Can you tell us more about the XVth World Water Congress?
Hosted by the International Water Resources Association (IWRA), the World Water Congress brings together academics, politicians and business figures every two years to focus on major global water challenges. This year, the Congress in Edinburgh was themed around water as a tool for progress – using water as an asset to support economic, social and environmental development.
What is the aim of the Congress?
The aim is to advance academic thinking around global water challenges. The Congress gives academics the opportunity to meet and present their papers and during the week, there were around 300 papers presented as well as 105 individual sessions that discussed a diverse range of topics.
Why was Edinburgh chosen as this year's host city?
The Scottish Government has put forward a new policy area called ‘Scotland The Hydro Nation', which revolves around using our water as an asset to develop Scotland's economy. The policy gained international press attention and so, the IWRA approached us to ask whether Scotland would be interested in bidding for the 15th Congress. After looking at the scale of the event, we felt Edinburgh was the right host city – it is compact, a popular destination for conferences and the EICC had the capacity we required.
What were your highlights from the week?
The quality of the speakers was fantastic – the delegates were very excited to hear from key thought-leaders in the industry. It is considered a special honour to give the keynote Ven Te Chow Lecture and this year Dr Rabi Mohtar, TEES Endowed Professor at Texas AM University, gave a very powerful speech. Another great speaker was Dr David Molden, who incidentally gained quite a lot of national press attention as he has been advising Nepal on water management following the earthquake there.
What made the EICC stand out as a venue for the Congress?
The recent refurbishment and the addition of the new wing means the venue is incredibly flexible. We were also hosting a number of subsidiary events under the umbrella of the Congress so it was important that we were able to have exclusive use of different areas of the venue. It is obvious the EICC has hosted a lot of conferences and that experience makes a difference – everything is very slickly run. The staff are incredibly professional – the word ‘yes’ seemed to be used a lot more than ‘no’.
I understand this is the 15th Congress. How have these events changed over the years?
The focus changes with each Congress as the global water challenges change. Now it is the 15th Congress there is definitely a feeling of momentum – you are taking on the mantle of the next iteration in a very successful series so there is a sense of responsibility in hosting the event.

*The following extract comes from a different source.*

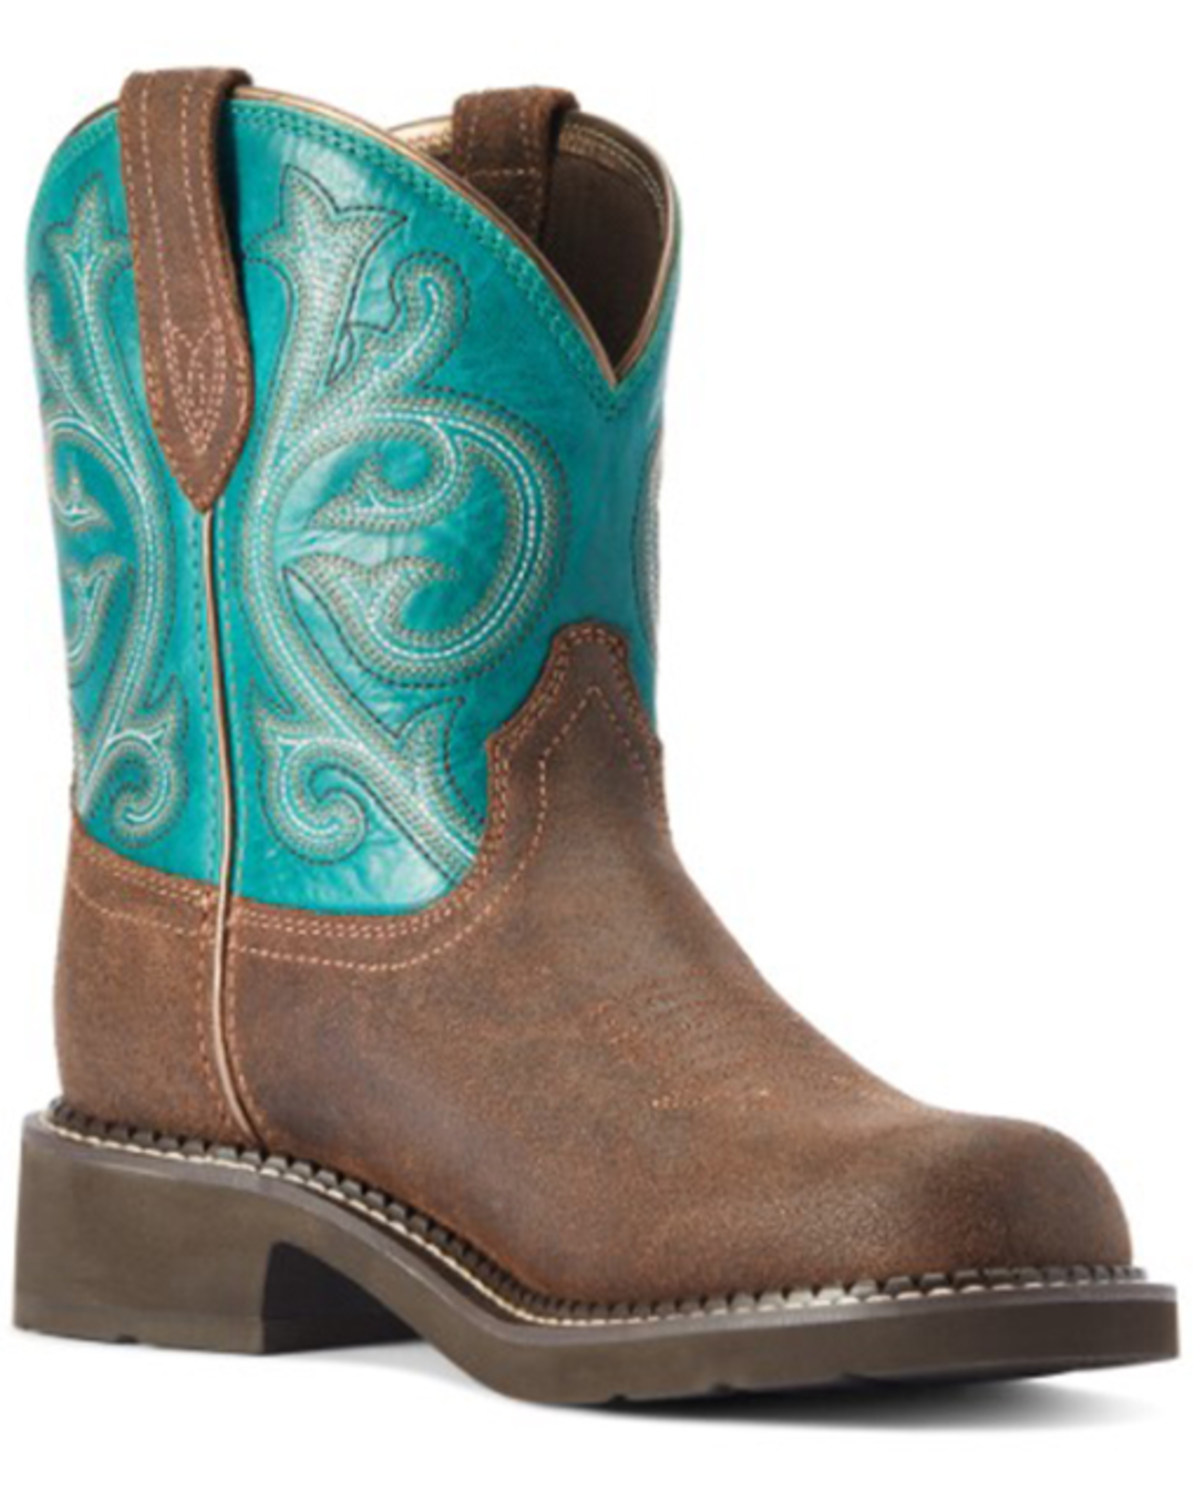 Ariat Women's Fatbaby Heritage Performance Western Boots - Round Toe

It sounds like the social programme was a lot of fun. Can you tell us a little more about this?
As well as small gatherings in restaurants and bars across the city, we organised a drinks reception at the Castle with entertainment from traditional musicians and Highland dancers. The delegates had exclusive access to the upper courtyard with stunning views across the city; they were swept away by the experience. It truly is a unique setting that you can't find anywhere else in the world.
What has the feedback been like from the delegates?
They said it was very well organised. We've not had any negative feedback at all. Everything ran on time and the delegates could move from one session to the next very easily. They felt comfortable and very well looked after in the venue even though the weather outside was typically Scottish with four seasons in one day.
Overall, how did you find your experience at the EICC?
We enjoyed it enormously. We had our own office in the EICC so we were there for the entire week. It's a very impressive venue. I've worked with a lot of venues across the world and I find that the EICC is one of the best.
The World Water Congress XV was organised and run by Speakeasy.